Since the cloning of the human LDLR(2) , an increasing number of related proteins have been discovered. Among them are LRP, megalin, and the VLDL receptor, to name only those sharing the very same structural modules that constitute the LDLR. The simultaneous discovery of potential ligands for these receptors expanded their possible functions far beyond those in lipoprotein metabolism (reviewed in (7) ).

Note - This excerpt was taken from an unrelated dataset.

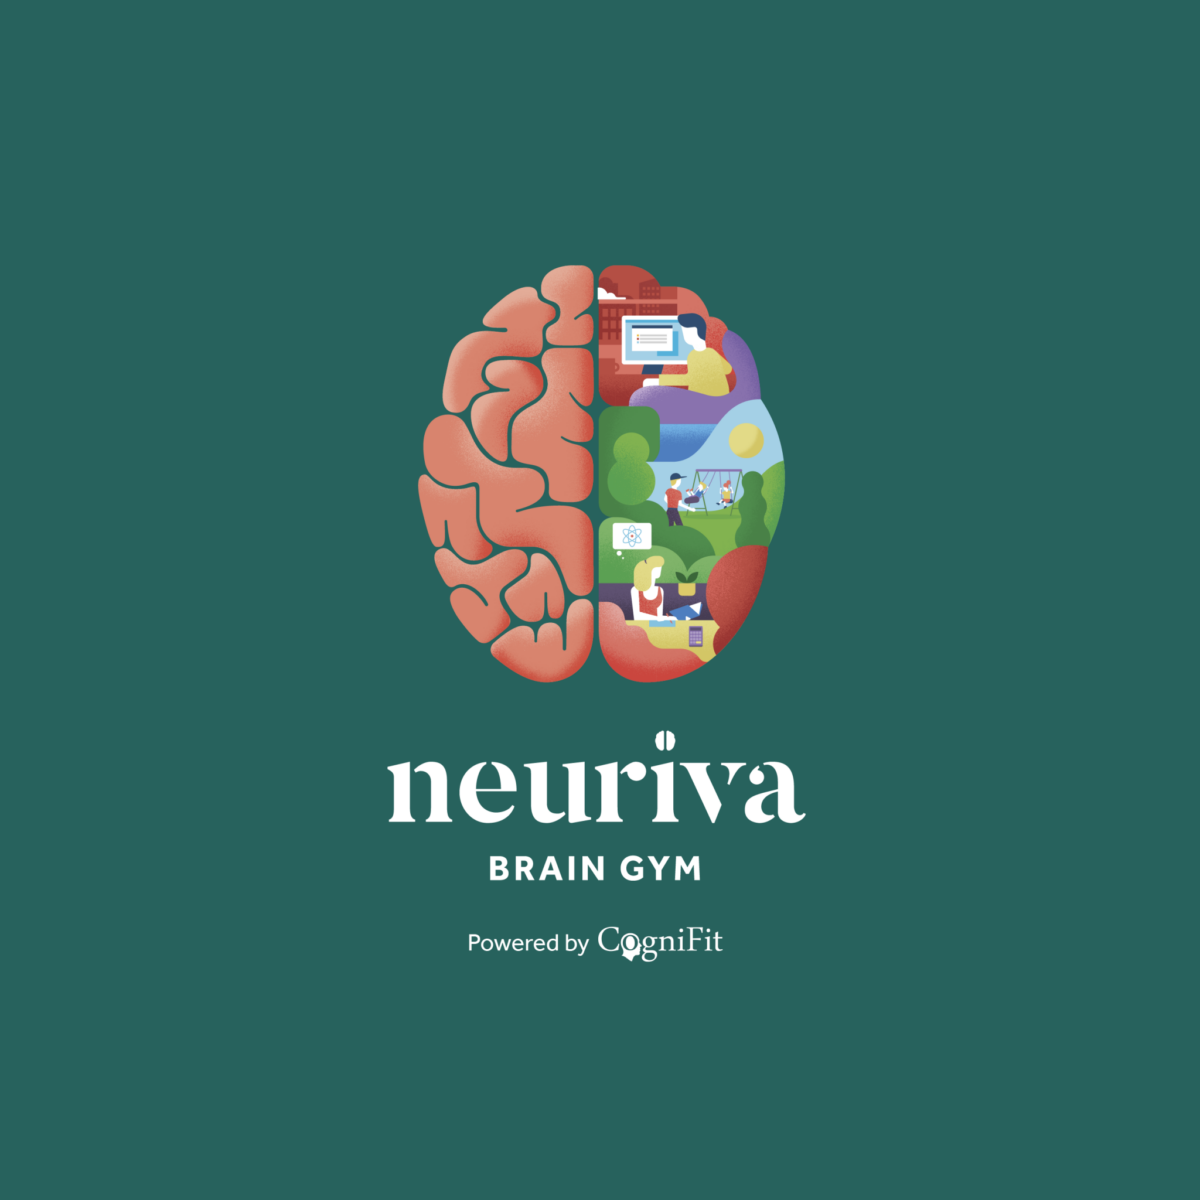 Neuriva by CogniFit
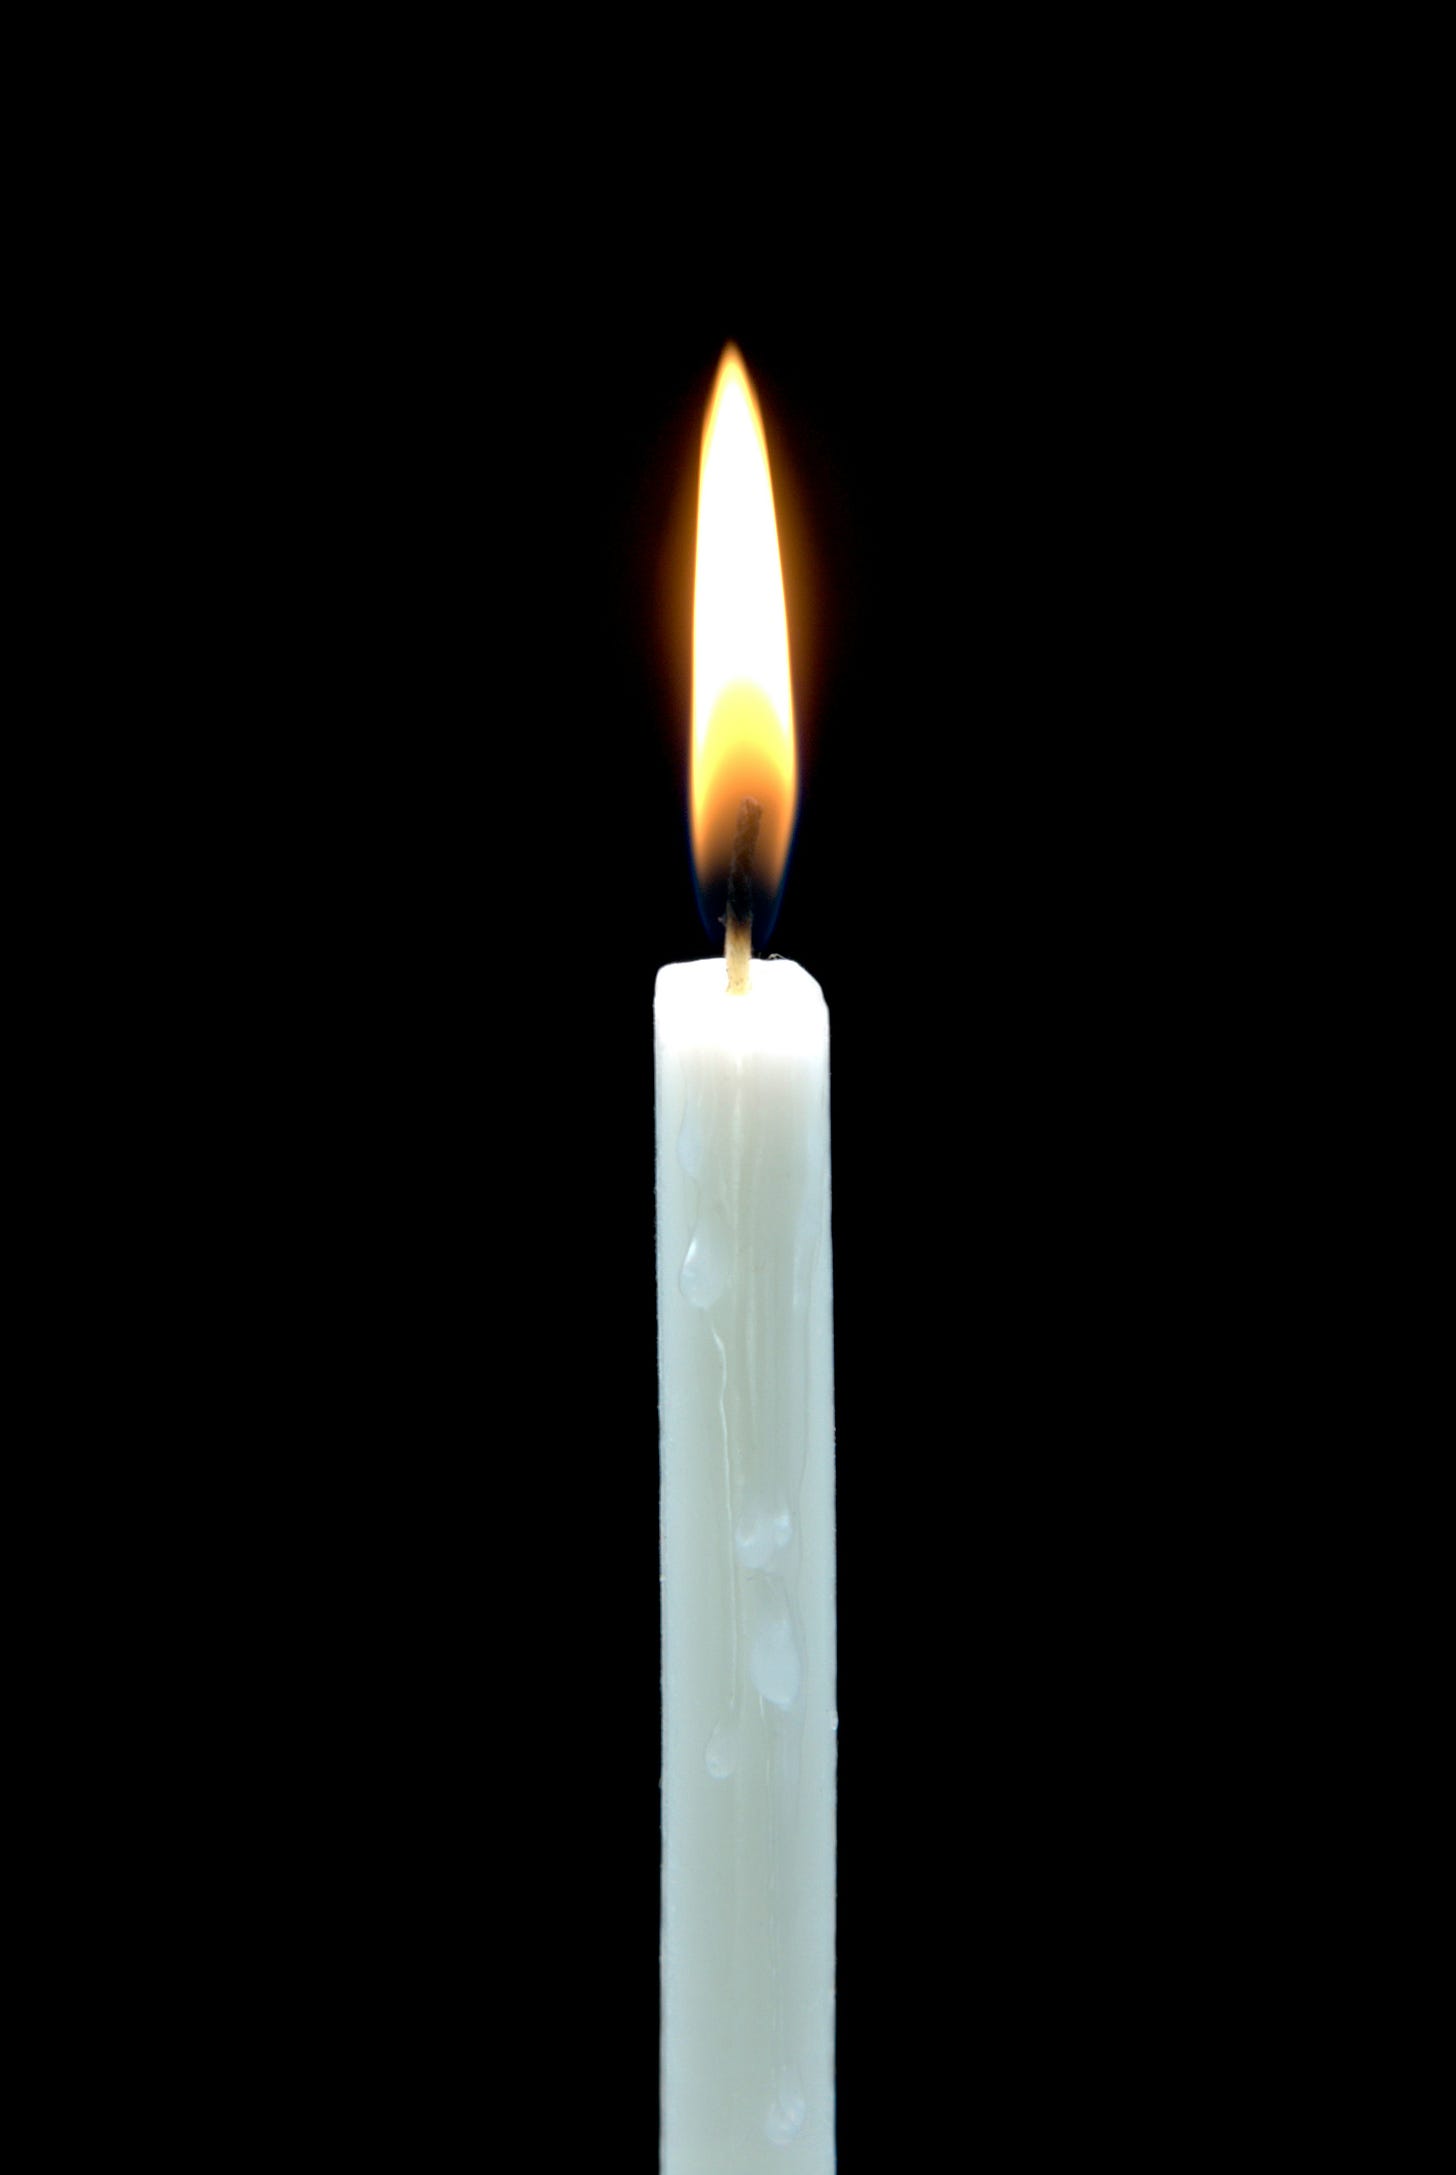 Lit white candle against a black background.

We now describe a new member of this receptor
family in chicken and mouse, which we have discovered by an RT-PCR
screening approach. Following our suggestion(15) , we term the
new receptor LR8B, where LR stands for LDLR-relative, the number
specifies the number of ligand binding repeats, and the B indicates the
brain-specific expression of this receptor. This nomenclature appears
preferable over one that refers to ligands, which might be misleading
since the list of proposed ligands grows(14, 34) . The
new receptor shows the highest homology, both in modular structure and
primary sequence, to the so-called VLDL receptors. It has 8 ligand
binding repeats, and the linker, a short stretch between binding
repeats 4 and 5 in LDLRs(29) , is located at the same position
as in VLDL receptors, i.e. between repeats 5 and 6. The
presence of a perfect internalization signal, FDNPVY, in the
cytoplasmic domain of the receptor strongly suggests endocytic
competence(31) . Deduced from the sequence, the receptor might
be heavily glycosylated, in agreement with its apparent M of
130,000 on SDS gels versus a
calculated M
of
101,000.
An anti-peptide
antibody detected the 130-kDa protein in brain fractions, but not in
other tissues tested. Due to the expected binding of RAP to the new
receptor, we were able to partially purify the receptor by affinity
chromatography of brain membrane extracts on immobilized RAP. Deduced
from the extremely high conservation of the ligand binding domain with
that of LR8 and mammalian VLDL receptors, we assume that these
receptors potentially recognize a very similar set of ligands:
apoB(24) , apoE(35) ,
-macroglobulin(34) , lactoferrin, and, as
demonstrated here, RAP(14) .
With respect to a possible function of LR8B, we must consider that LR8B is the first member of the LDLR gene family predominantly expressed in brain of such diverse species as chicken and mouse. It is widely appreciated that in mammals apoE might serve as mediator of brain-specific lipid transport, which operates separated from the general circulation by the blood-brain barrier(20) . ApoE is synthesized by astrocytes, and apoE-containing lipoprotein particles are found in cerebrospinal fluid. The involvement of the LDLR and LRP, both expressed in mammalian brain(36, 37) , in apoE-mediated brain-specific lipid transfer is not defined, however. The fact that patients with a total absence of functional LDLRs lack abnormalities in the brain suggests that LDLR is not essential for such pathway(s). LRP may play a crucial role in the brain, since a certain proportion of mice homozygous for the disruption of the LRP gene do implant into the uterus, but die early showing failure of neuronal tube closure and incomplete expansion of brain vesicles(38, 39) . In addition to a role in normal brain physiology, LR8B, if expressed in man, may also be a new candidate for involvement in the pathophysiology of neurodegenerative disorders due to the association of the apoE4 allele with late onset Alzheimer's disease(40) . At first sight, the situation in chicken is different, as birds are not known to synthesize apoE(41, 42) . However, they do synthesize apoAI in brain (43) and, importantly, at sites of peripheral nerve injury and regeneration(44, 45) . In view of these observations, it has been proposed that apoAI in chickens may function in analogy to apoE in mammals(44, 45) . It remains to be tested whether chicken apoAI is the pendant to mammalian apoE in brain metabolism, or whether this novel receptor's physiological ligand is a yet unidentified gene product common to chicken and mammals.
The nucleotide sequence(s) reported in this paper has been submitted to the GenBank(TM)/EMBL Data Bank with accession number(s) X97001[GenBank].